LESLIE: Bob in California, you’ve got The Money Pit. How can we help you today?
BOB: Hi. Lovely show.
TOM: Thank you.
BOB: My situation is this: I bought a house recently and it has a shared driveway – it runs along one side of the house – and that driveway is higher than my foundation on my house by probably a couple feet.
TOM: Wow, OK.
BOB: And the water tends to run off of it towards the house and the foundation.
TOM: How much space is there between the edge of the driveway and your house?
BOB: There’s probably about four-and-a-half, five feet.
TOM: OK. Well, that gives you enough room – and that’s soil in that area?
BOB: It’s sort of a mix of adobe and – it’s fairly hard and not super-good drainage.

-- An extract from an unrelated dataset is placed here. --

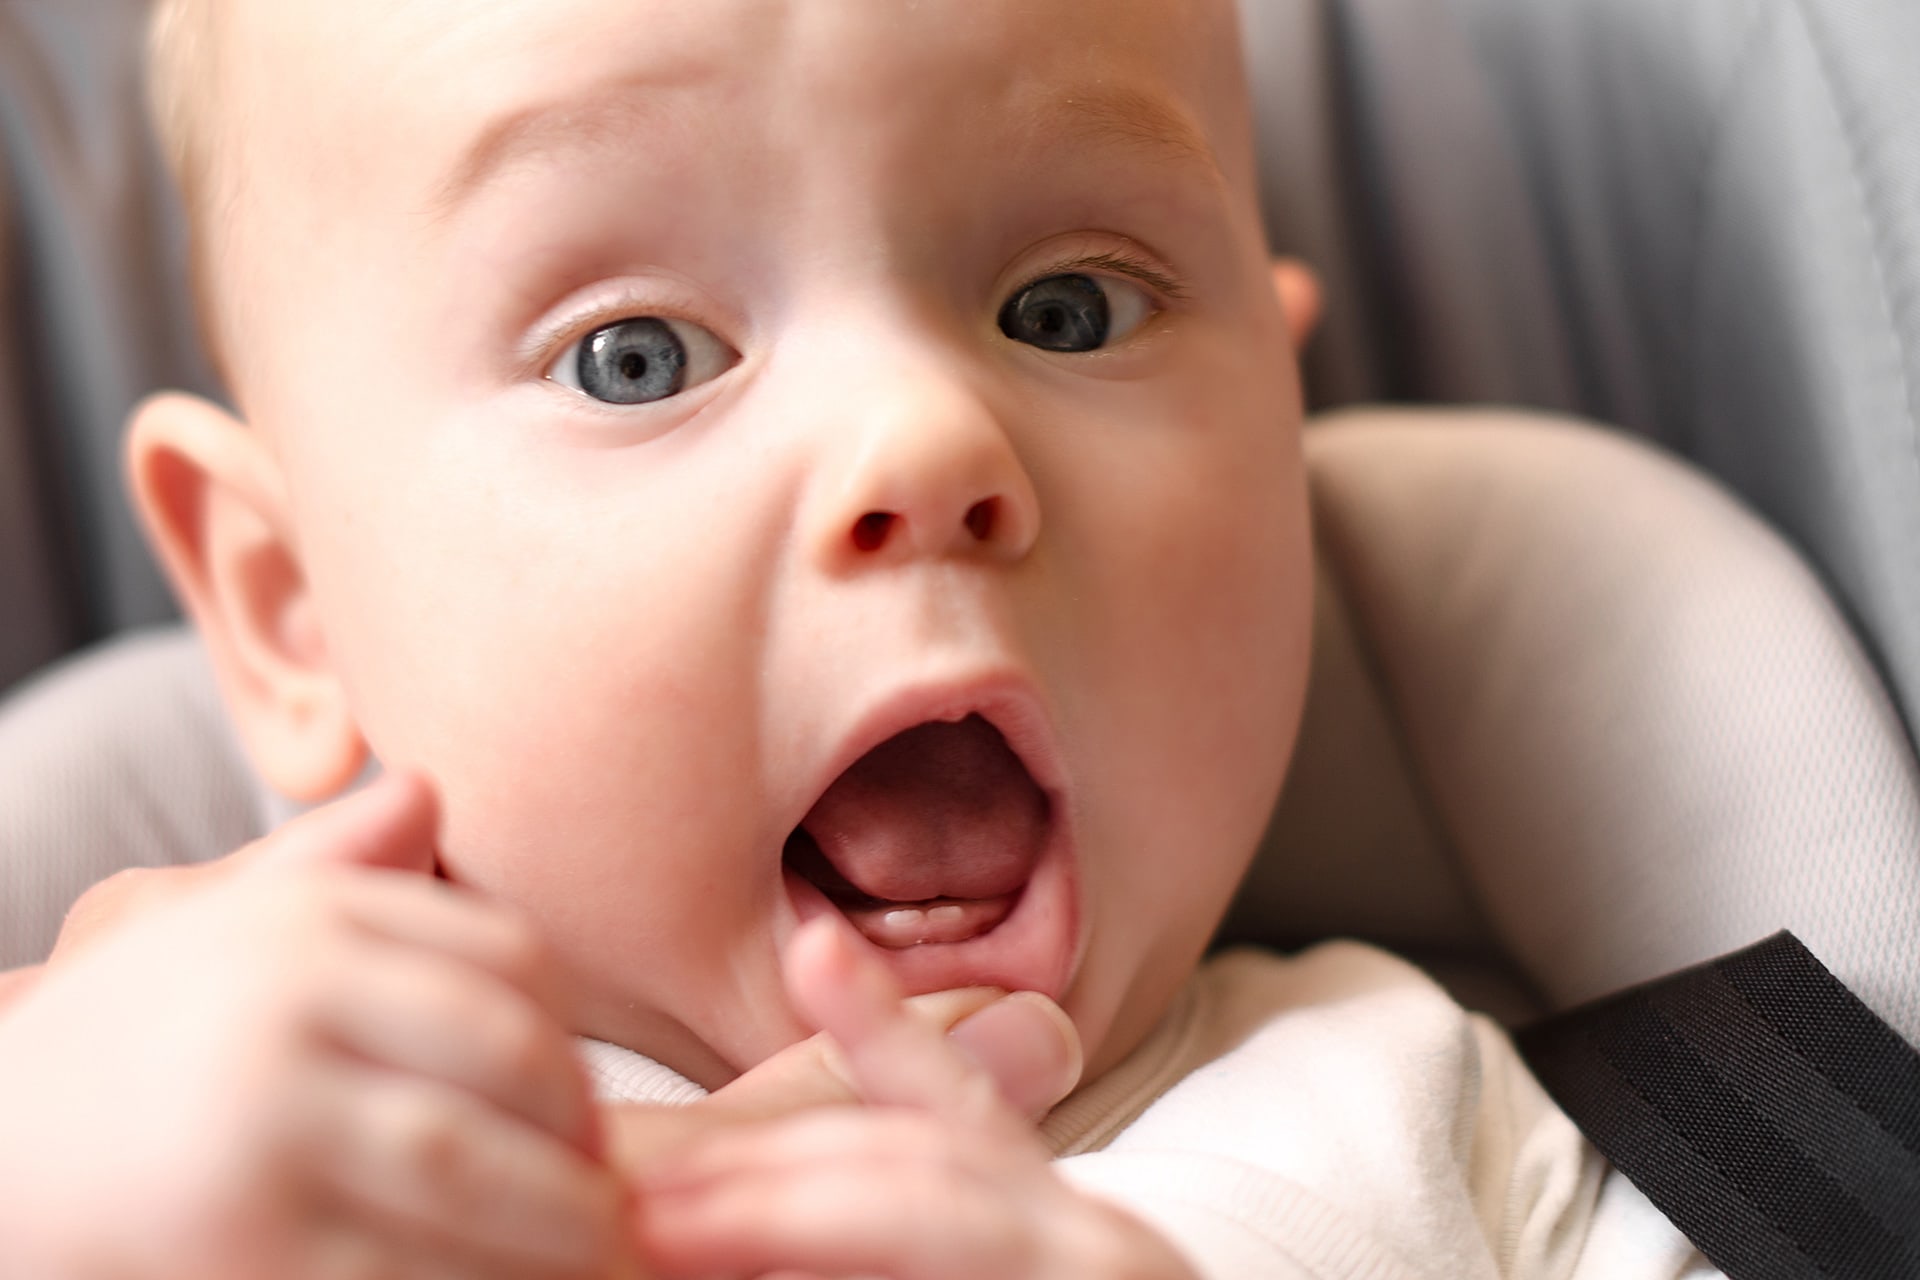  Zähneputzen beim Baby | Header Image

TOM: OK. Well, what you need to do here is you need to install some drainage, Bob, and what you want is something called a curtain drain. And a curtain drain would end up being right below the surface of the soil at the edge of the driveway. You’re essentially going to trench out, in that space. You’re going to add perforated pipe surrounded by some drainage stone and then …
BOB: So this would be similar to a French drain? Is that …

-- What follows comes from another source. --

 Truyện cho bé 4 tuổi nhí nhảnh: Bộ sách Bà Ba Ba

LESLIE: (overlapping voices) Same thing.
TOM: (overlapping voices) Yes, similar to it; except that it’s going to be invisible.
BOB: Uh-huh.
TOM: And as the last step, you put some filter cloth across the top of the trench and then you cover it with soil and grass or whatever you want. So you won’t see it when it’s done. Well, what will happen is the neighbor’s water that comes off that driveway will fall into that curtain drain and then it’ll run out somewhere. So the key here is you have to be able to drain that curtain drain somewhere to daylight; the pipe, in the end, has got to end up …
BOB: Right. That’s a bit of a problem because from where I am, it’s fairly level out towards the street. There’s not much of a dropoff.
TOM: Could it go underground into a sewer system? Street sewer?
BOB: Well, it possibly could. It would be expensive to cut through the sidewalk and into the pipes and all.
TOM: OK. Well, I mean you could also potentially go into a dry well if it’s far enough away from the house.
BOB: Uh-huh. OK. Well, thank you very much.
TOM: You’re very welcome. Thanks so much for calling us at 1-888-MONEY-PIT.